Melica rectiflora

Scientific classification
- Kingdom: Plantae
- Clade: Embryophytes
- Clade: Tracheophytes
- Clade: Angiosperms
- Clade: Monocots
- Clade: Commelinids
- Order: Poales
- Family: Poaceae
- Subfamily: Pooideae
- Genus: Melica
- Species: M. rectiflora
- Binomial name: Melica rectiflora Boiss. & Heldr.
- Synonyms: Melica rectiflora var. pilosa Papp Melica rectiflora f. pilosa (Papp) W.Hempel

= Melica rectiflora =

- Genus: Melica
- Species: rectiflora
- Authority: Boiss. & Heldr.
- Synonyms: Melica rectiflora var. pilosa Papp, Melica rectiflora f. pilosa (Papp) W.Hempel

Species of plant

Melica rectiflora is a species of grass in the family Poaceae. It is native to Greece and Crete.

==Description==
The species is perennial with short rhizomes and 20–60 cm long culms. The leaf-sheaths are tubular and are closed on one end with its surface being glabrous.
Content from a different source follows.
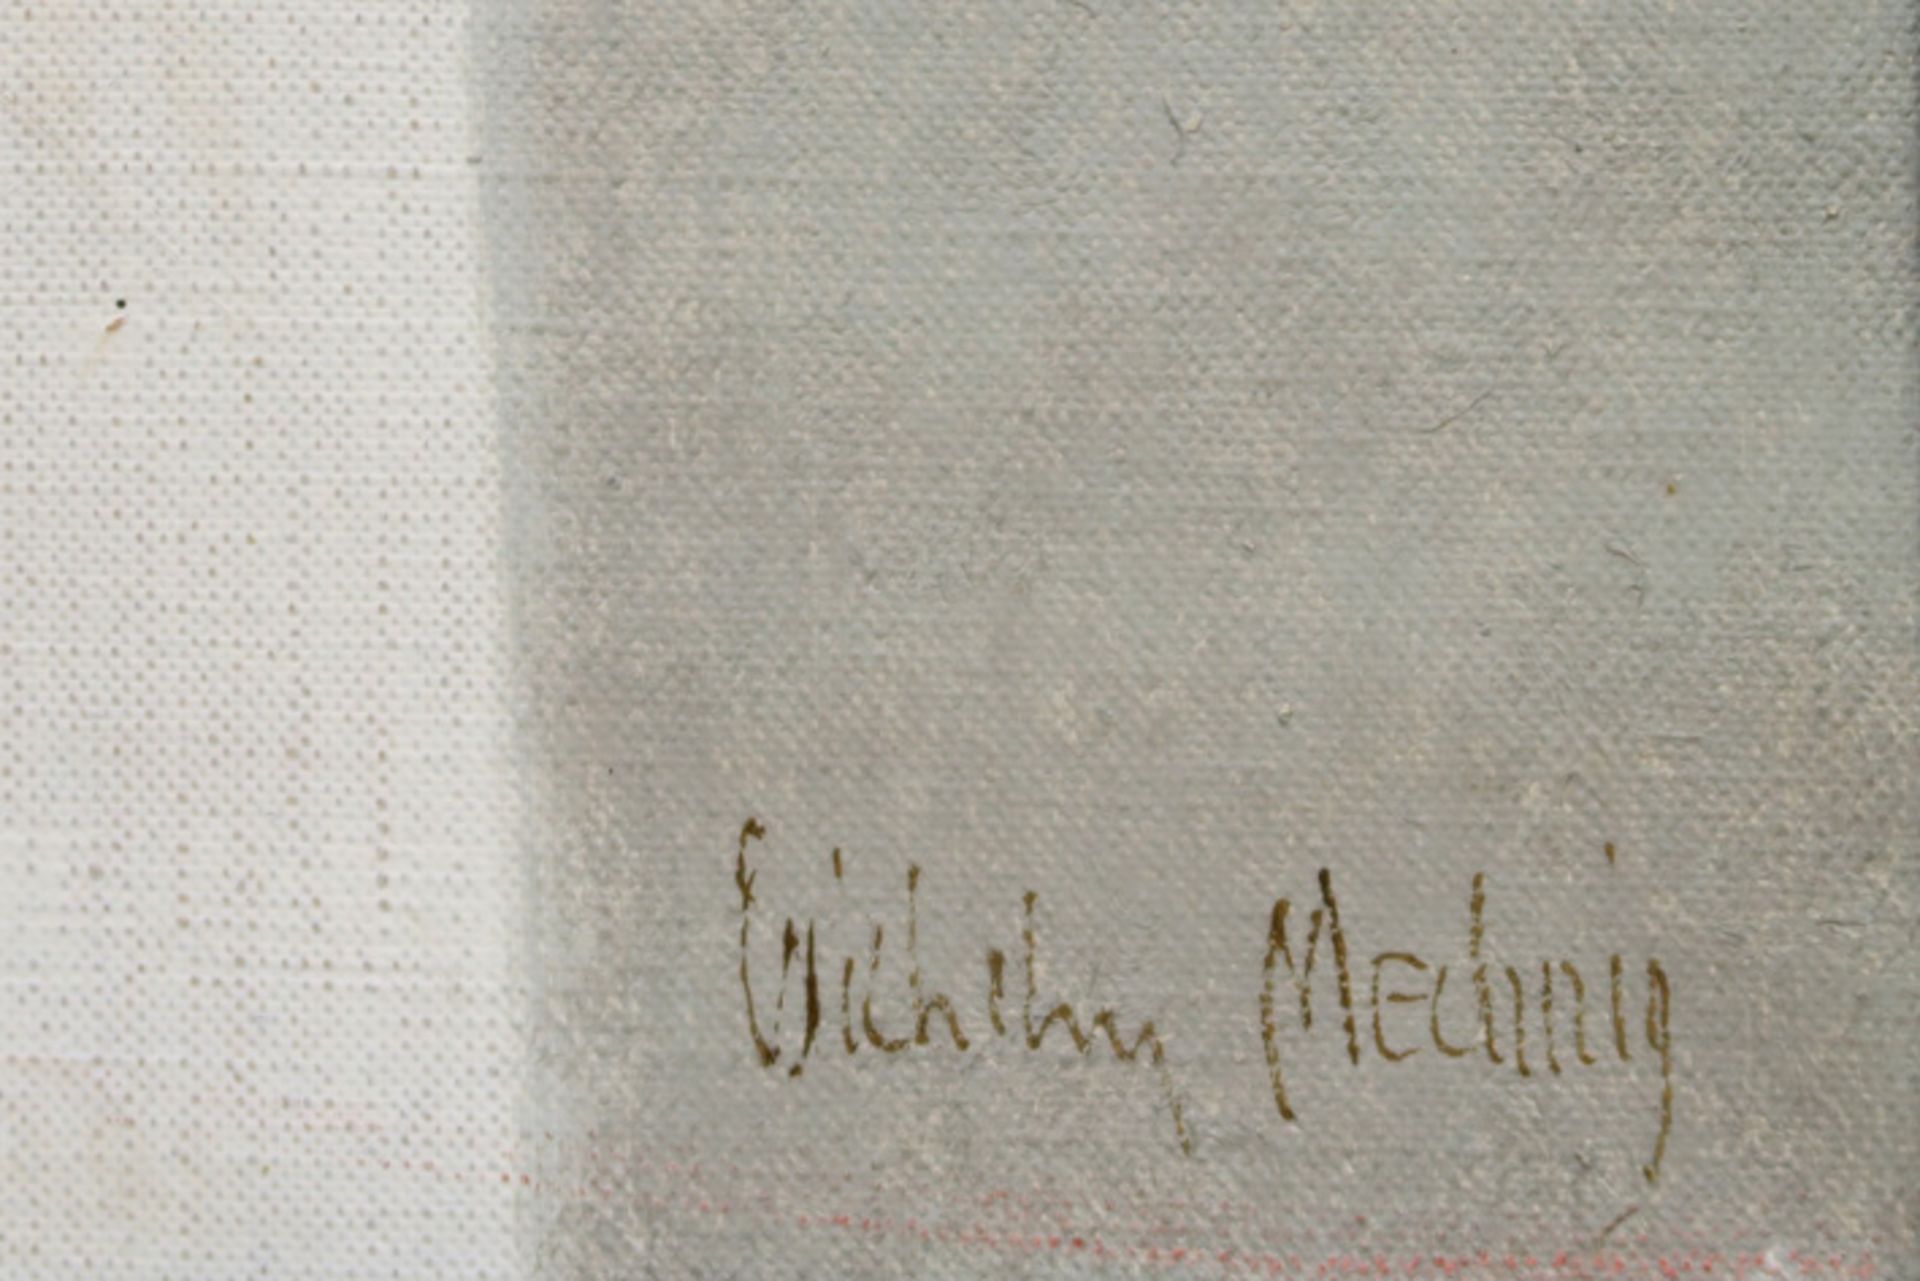 20th Cent. abstract oil on canvas and drawing - signed Wilhelm Mechnig || MECHNIG WILHELM (1929 - - Image 3 of 8

The leaf-blades surface is scaberulous and rough with its size being are 5–20 cm long by 2–3 mm wide. Eciliated membrane have a ligule which is truncate. The panicle is contracted, linear, 6–22 cm long. The main panicle branches are indistinct, scaberulous and are racemose.

Spikelets are oblong, solitary, 4–7 mm long and have linear pedicels. Besides the pedicels, the spikelets have 1 fertile floret which is diminished at the apex. The sterile florets are 2–3 in number and are 2–3 mm long, barren, oblong and clumped. Both the upper and lower glumes are keelless, membranous, oblong and are purple coloured. Other features are different though; Lower glume is 3–6 mm long with an acute apex while the upper one is 4–7 mm long with an obtuse apex.

Its lemma have smooth surface and an obtuse apex while the fertile lemma is chartaceous, elliptic, keelless, and 5–7 mm long. Its palea have thick keels and is elliptic and 2-veined. Flowers are fleshy, oblong and truncate with 2 lodicules. They also grow together and have 3 anthers which are 1.5–2.3 mm long. The fruits have caryopsis with additional pericarp and have linear hilum. They are also ellipsoid and are 3.5 mm long.